Strengths of this study include the unique cohort with rigorously defined menopause stages to identify proteomic shifts of menopause which largely replicated in a cross-platform, age-matched validation cohort. These data provide compelling evidence that the observed proteomic changes were driven by endocrine rather than chronological aging. Of note, 3 of the targets identified in the UCSB cohort did not show concordant elevations in the UKB sample (i.e., BDNF, CD63, CCL26), which may reflect proteomic platform differences, spurious findings, or the coarse evaluation of menopause status in the UKB. Other limitations include that hormones were only measured at one timepoint despite known fluctuations, the reliance on self-reported menopause symptoms, and that protein measurements in blood reflect multiple tissue sources of expression. Longitudinal studies mapping the trajectories of hormones, multiomics, symptoms, and brain health across the menopause transition will be critical to disentangle the complex interplay between endocrine, neurologic, and chronological aging.

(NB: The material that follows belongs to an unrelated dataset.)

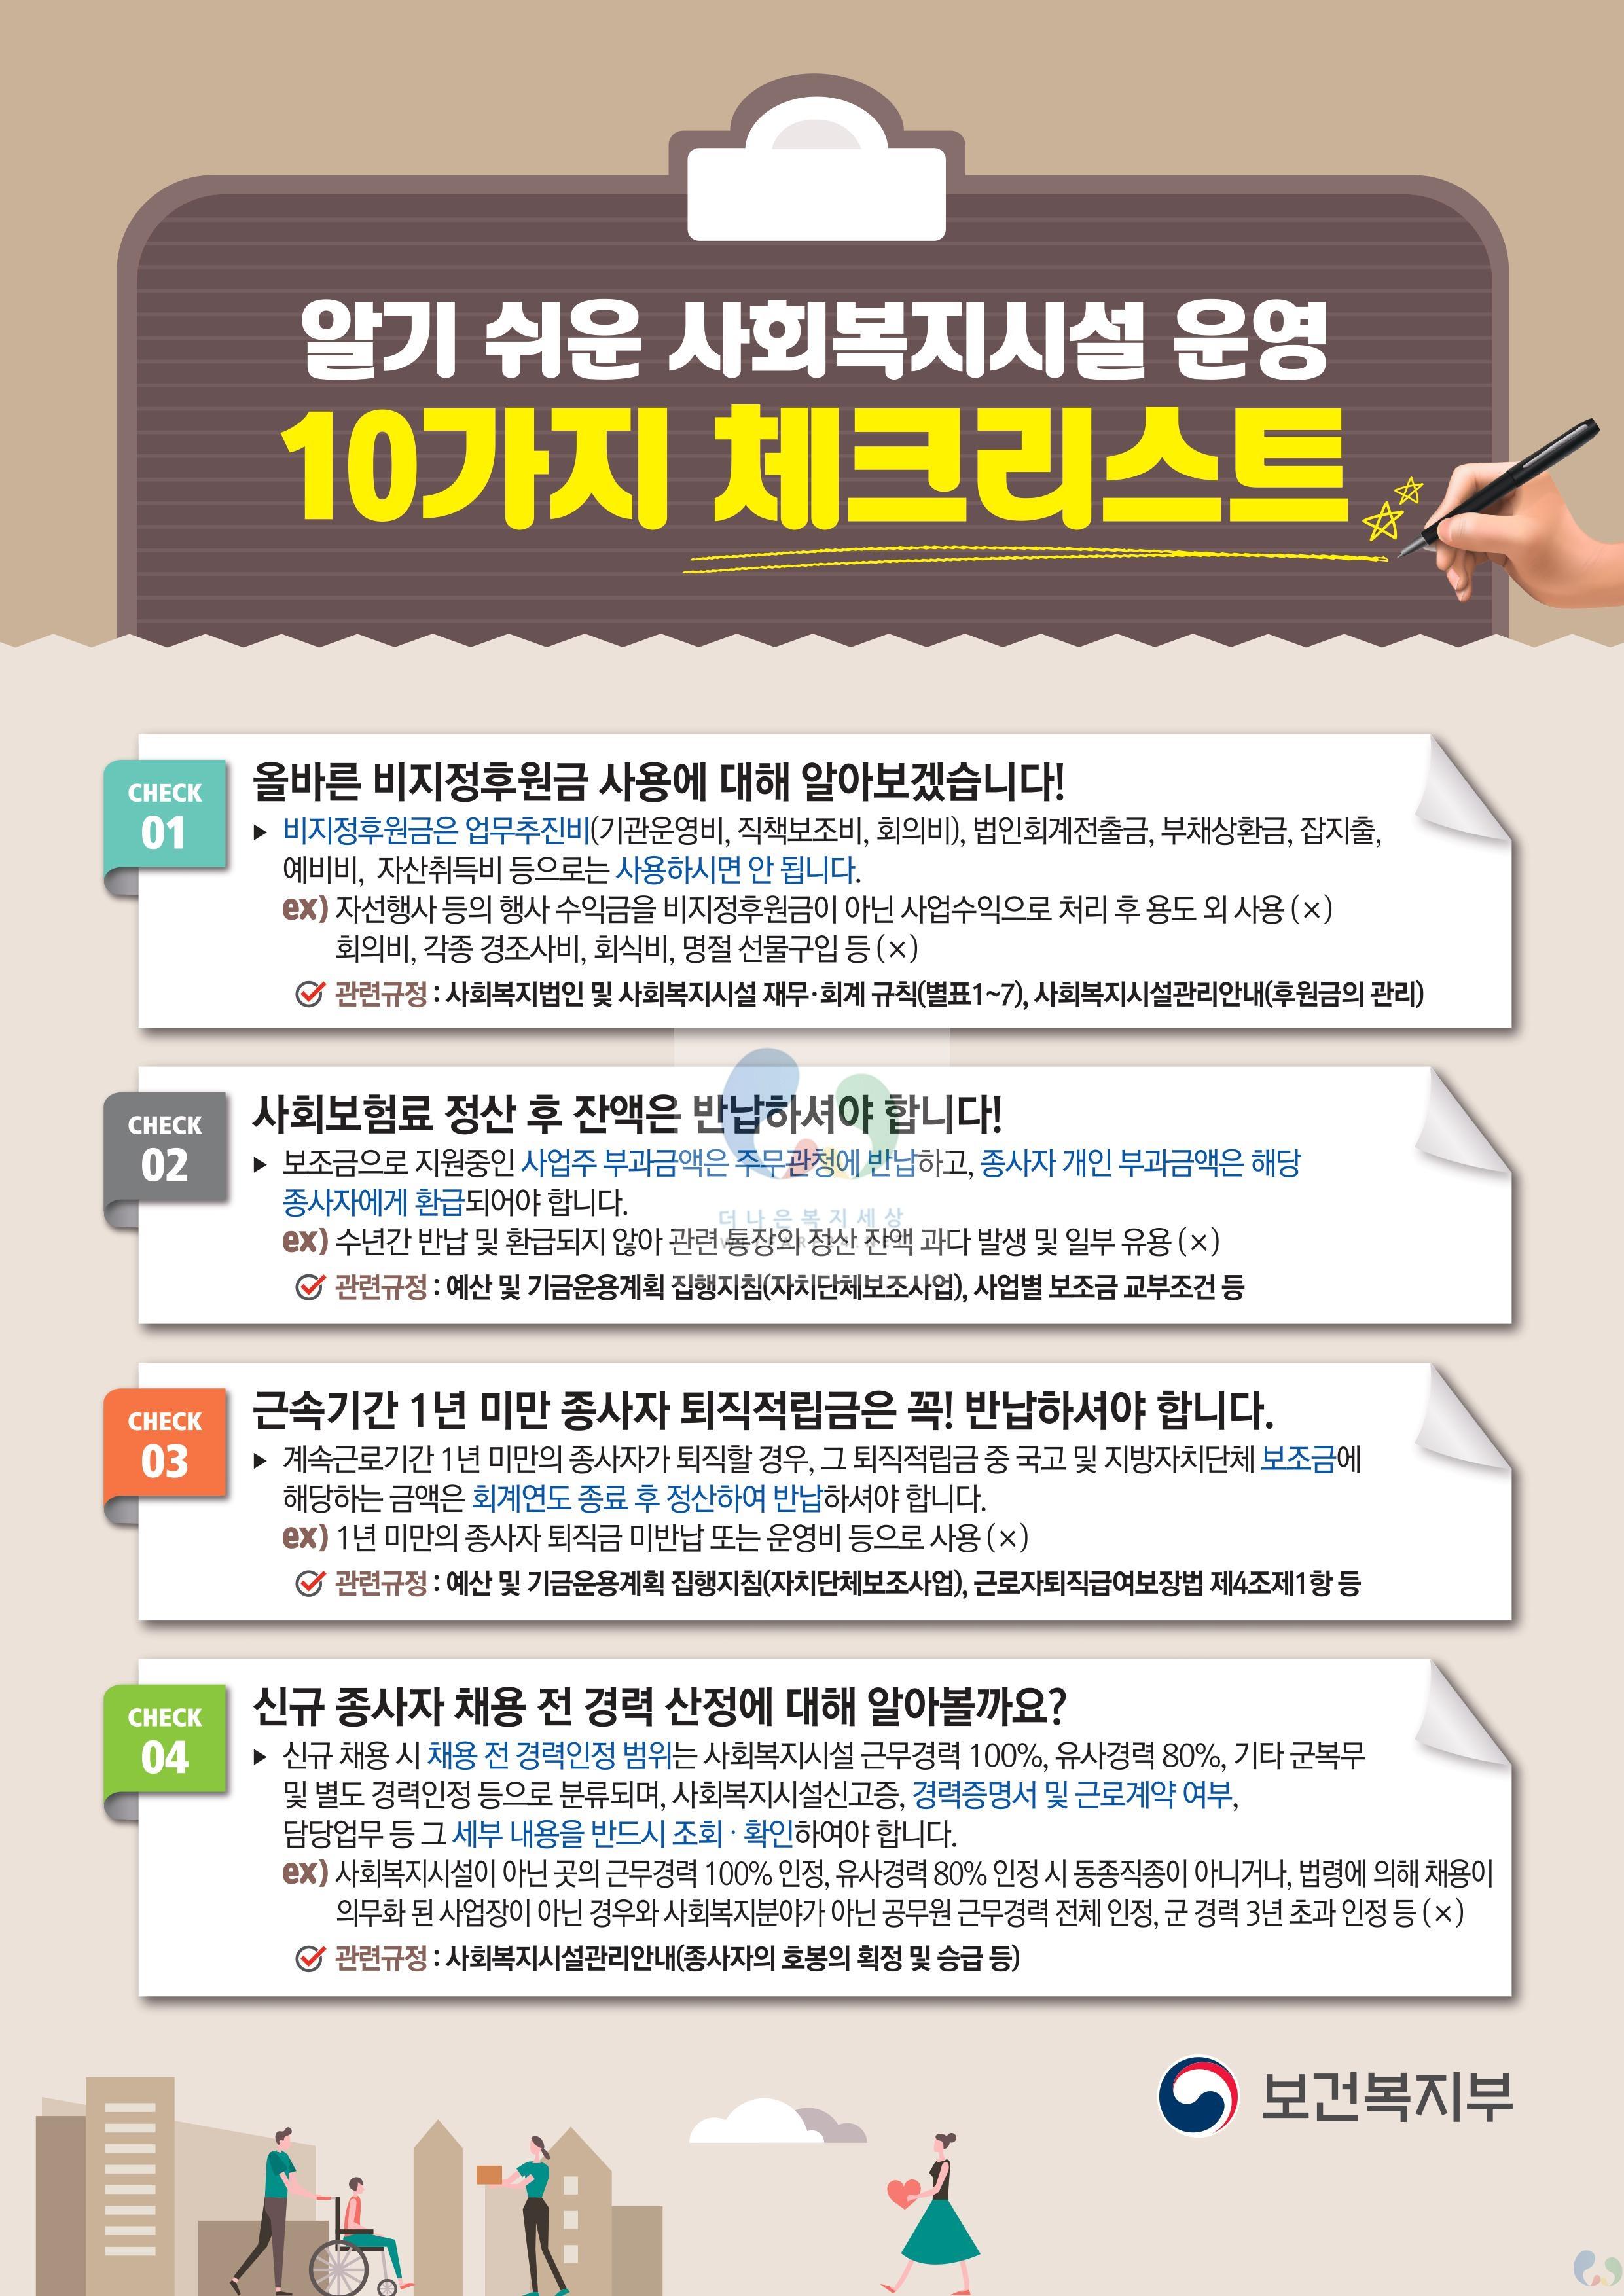 알기 쉬운 사회복지시설 운영 10대 체크리스트_1

We defined a blood-based proteomic signature of spontaneous menopause, enriched for inflammatory, metabolic, synaptic, and AD biology. We demonstrated that inflammatory changes are especially pronounced in women with vasomotor symptoms, highlighting CCL2 as a signal of this physiologic susceptibility that may persist into later life. We further illustrated that menopause biology relates to markers of cognitive aging and AD risk. These findings shine new light on the biological processes connecting menopause to neurodegenerative risk, affirming the importance of menopause as a critical window for our foundational understanding of brain aging. There are currently no tools to monitor brain health during menopause. We identify blood levels of CCL11 and p-tau231 as potential biomarker candidates of menopause brain health which warrant further examination. Leveraging menopause to identify pathways that influence brain aging may inform midlife, person-specific dementia prevention approaches. Interventions to directly delay ovarian aging or promote adaptive physiologic responses to menopause also hold promise for preventing AD and fostering cognitive resilience in women.